In [None]:
#!pip install transformers

# Experimenting with HuggingFace - Text Generation

*Author: Tucker Arrants*

**I have recently decided to explore the ins and outs of the 😊 Transformers library and this is the next chapter in that journey. In this notebook, I will explore text generation using a GPT-2 model, which was trained to predict next words on 40GB of Internet text data. The fully trained model is actually not available as the creators were concerned about '[malicious applications of the technology](https://openai.com/blog/better-language-models/)', but there is a much smaller version that is available for enthusiants to play with, which we will use here**

**In this notebook, we will explore different decoding methods like Beam search, Top-K sampling, and Top-P sampling, demonstrating their performance along the way. This project is a work in progress and I will continually update it as I learn more about text generation. Feel free to comment with any questions/suggestions:**

**Update: they just released the GPT-3 model (more [here](https://www.technologyreview.com/2020/07/20/1005454/openai-machine-learning-language-generator-gpt-3-nlp/)) and it has 175 billion parameters and it is shockingly intelligent**

In [None]:
#for reproducability
SEED = 34

#maximum number of words in output text
MAX_LEN = 70

# I. Intro

**A language model is a machine learning model that can look at part of a sentence and predict the next word/sequence of words. Much like the autofill features on your iPhone/Android, GPT-2 is capable of next word prediction on a much larger and more sophisticated scale. For reference, the smallest available GPT-2 has 117 million parameters, whereas the largest one (invisible to the public) has over 1.5 billion parameters. The largest one available for public use is half the size of their main GPT-2 model**

**😊 Transformers makes it very easy to import this model with both PyTorch and TensorFlow - in this notebook we will be using TensorFlow but it is just as easy in PyTorch. Both the model and its Tokenizer can be imported from the `transformers` library that anyone can get by typing `!pip install transformers`. Let's see just how simple it is to generate text with a neural network. We begin with our input sequence:**

In [None]:
input_sequence = "I don't know about you, but there's only one thing I want to do after a long day of work"

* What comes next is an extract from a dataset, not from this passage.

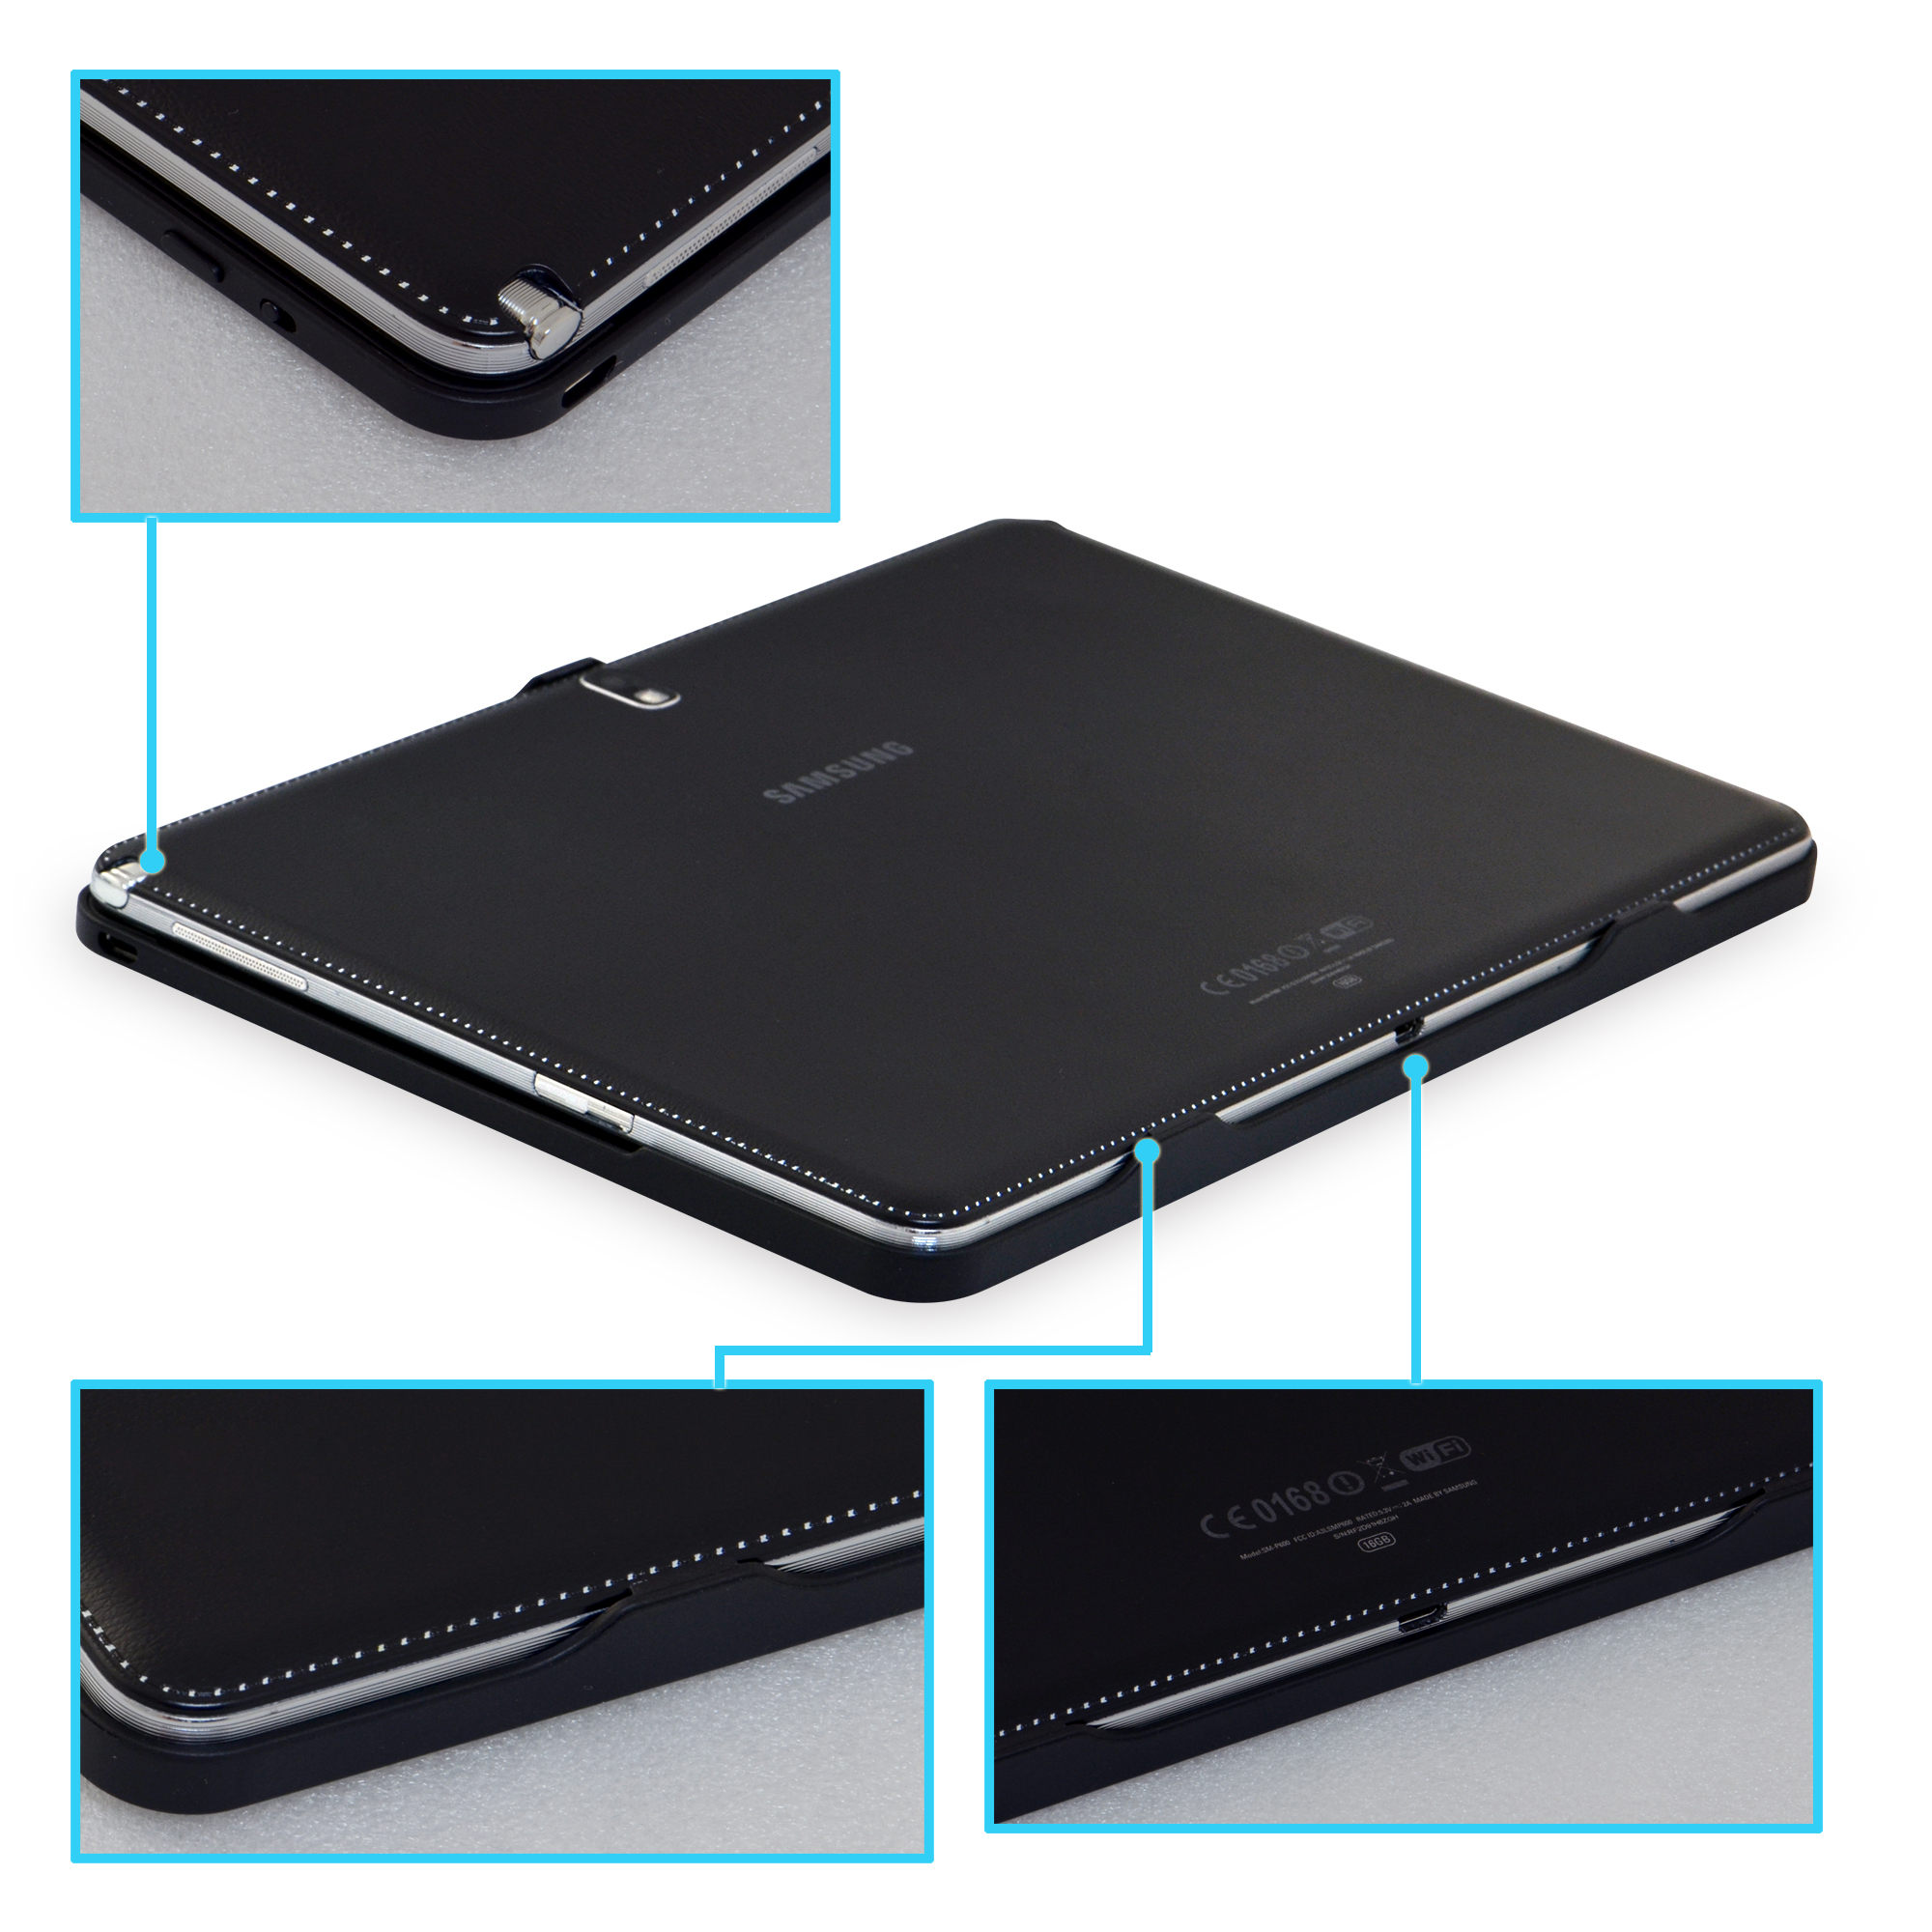 32 GB DURAGADGET Ladegerät Handy Ladekabel für Samsung Galaxy Note 10.1 2014 Edition Tablet PC 10 Zoll SM-P605 P601/P600/16 GB 5 Jahre Garantie

**We will choose the largest available GPT-2 model but it is easy to install the other sizes if you want to mess around with them:**

In [None]:
#get transformers
from transformers import TFGPT2LMHeadModel, GPT2Tokenizer

#get large GPT2 tokenizer and GPT2 model
tokenizer = GPT2Tokenizer.from_pretrained("gpt2-large")
GPT2 = TFGPT2LMHeadModel.from_pretrained("gpt2-large", pad_token_id=tokenizer.eos_token_id)

#tokenizer = GPT2Tokenizer.from_pretrained("gpt2-medium")
#GPT2 = TFGPT2LMHeadModel.from_pretrained("gpt2-medium", pad_token_id=tokenizer.eos_token_id)

#tokenizer = GPT2Tokenizer.from_pretrained("gpt2")
#GPT2 = TFGPT2LMHeadModel.from_pretrained("gpt2", pad_token_id=tokenizer.eos_token_id)

#view model parameters
GPT2.summary()

**Wow, we just imported a deep learning model with more than 774 million parameters in just a couple lines of code with HuggingFace. Now let's see what we can do with it:**

# II. Different Decoding Methods

## First Pass (Greedy Search)

**With Greedy search, the word with the highest probability is predicted as the next word i.e. the next word is updated via:**

$$w_t = argmax_{w}P(w | w_{1:t-1})$$

**at each timestep $t$. Let's see how this naive approach performs:**

In [None]:
#get deep learning basics
import tensorflow as tf
tf.random.set_seed(SEED)

In [None]:
# encode context the generation is conditioned on
input_ids = tokenizer.encode(input_sequence, return_tensors='tf')

# generate text until the output length (which includes the context length) reaches 50
greedy_output = GPT2.generate(input_ids, max_length = MAX_LEN)

print("Output:\n" + 100 * '-')
print(tokenizer.decode(greedy_output[0], skip_special_tokens = True))

**And there we go: generating text is that easy. Our results are not great - as we can see, our model starts repeating itself rather quickly. The main issue with Greedy Search is that words with high probabilities can be masked by words in front of them with low probabilities, so the model is unable to explore more diverse combinations of words. We can prevent this by implementing Beam Search:**

## Beam Search with N-Gram Penalities

**Beam search is essentially Greedy Search but the model tracks and keeps `num_beams` of hypotheses at each time step, so the model is able to compare alternative paths as it generates text. We can also include a n-gram penalty by setting `no_repeat_ngram_size = 2` which ensures that no 2-grams appear twice. We will also set `num_return_sequences = 5` so we can see what the other 5 beams looked like**

**To use Beam Search, we need only modify some parameters in the `generate` function:**

In [None]:
# set return_num_sequences > 1
beam_outputs = GPT2.generate(
    input_ids, 
    max_length = MAX_LEN, 
    num_beams = 5, 
    no_repeat_ngram_size = 2, 
    num_return_sequences = 5, 
    early_stopping = True
)

print('')
print("Output:\n" + 100 * '-')

# now we have 3 output sequences
for i, beam_output in enumerate(beam_outputs):
      print("{}: {}".format(i, tokenizer.decode(beam_output, skip_special_tokens=True)))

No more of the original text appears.